I have a model that uses a custom LambdaLayer
as follows:
class LambdaLayer(LightningModule):
def __init__(self, fun):
super(LambdaLayer, self).__init__()
self.fun = fun
def forward(self, x):
return self.fun(x)
class TorchCatEmbedding(LightningModule):
def __init__(self, start, end):
super(TorchCatEmbedding, self).__init__()
self.lb = LambdaLayer(lambda x: x[:, start:end])
self.embedding = torch.nn.Embedding(50, 5)

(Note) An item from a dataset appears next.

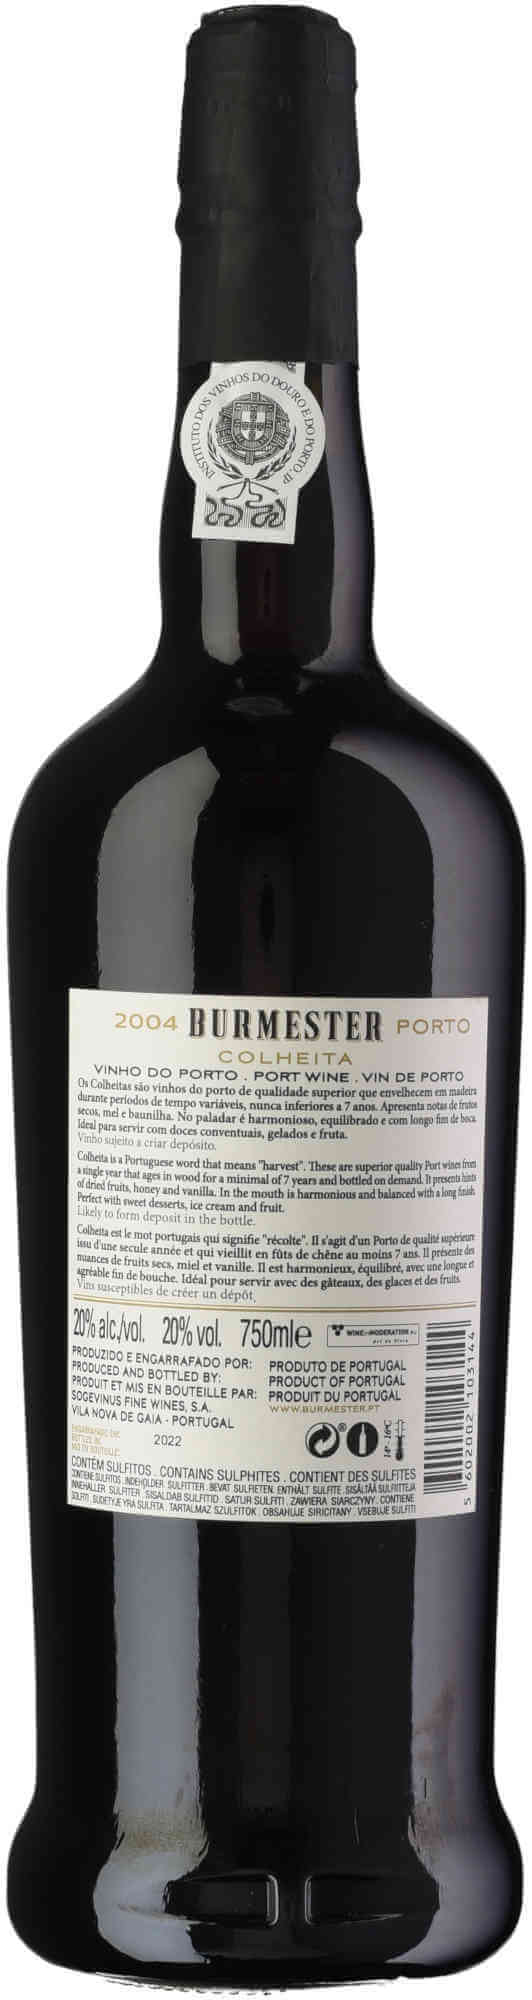 Burmester-Colheita-2004-Port-Rueckseite

def forward(self, inputs):
o = self.lb(inputs).to(torch.int32)
o = self.embedding(o)
return o.squeeze()
The model runs perfectly fine on CPU or 1 GPU. However, when running it with PyTorch Lightning over 2+ GPUs, this error happens:
AttributeError: Can't pickle local object 'TorchCatEmbedding.__init__.<locals>.<lambda>'
The purpose of using a lambda function here is that given an inputs
tensor, I want to pass only inputs[:, start:end]
to the embedding
layer.
My questions:
So the problem isn't the lambda function per se, it's that pickle doesn't work with functions that aren't just module-level functions (the way pickle treats functions is just as references to some module-level name). So, unfortunately, if you need to capture the start
and end
arguments, you won't be able to use a closure, you'd normally just want something like:
def function_maker(start, end):
def function(x):
return x[:, start:end]
return function
But this will get you right back to where you started, as far as the pickling problem is concerned.
So, try something like:
class Slicer:
def __init__(self, start, end):
self.start = start
self.end = end
def __call__(self, x):
return x[:, self.start:self.end])
Then you can use:
LambdaLayer(Slicer(start, end))
I'm not familiar with PyTorch, I'm surprised though that it doesn't offer the ability to use a different serialization backend. The pathos/dill project can pickle arbitrary functions, for example, and is often easier to just use that. But I believe the above should solve the problem.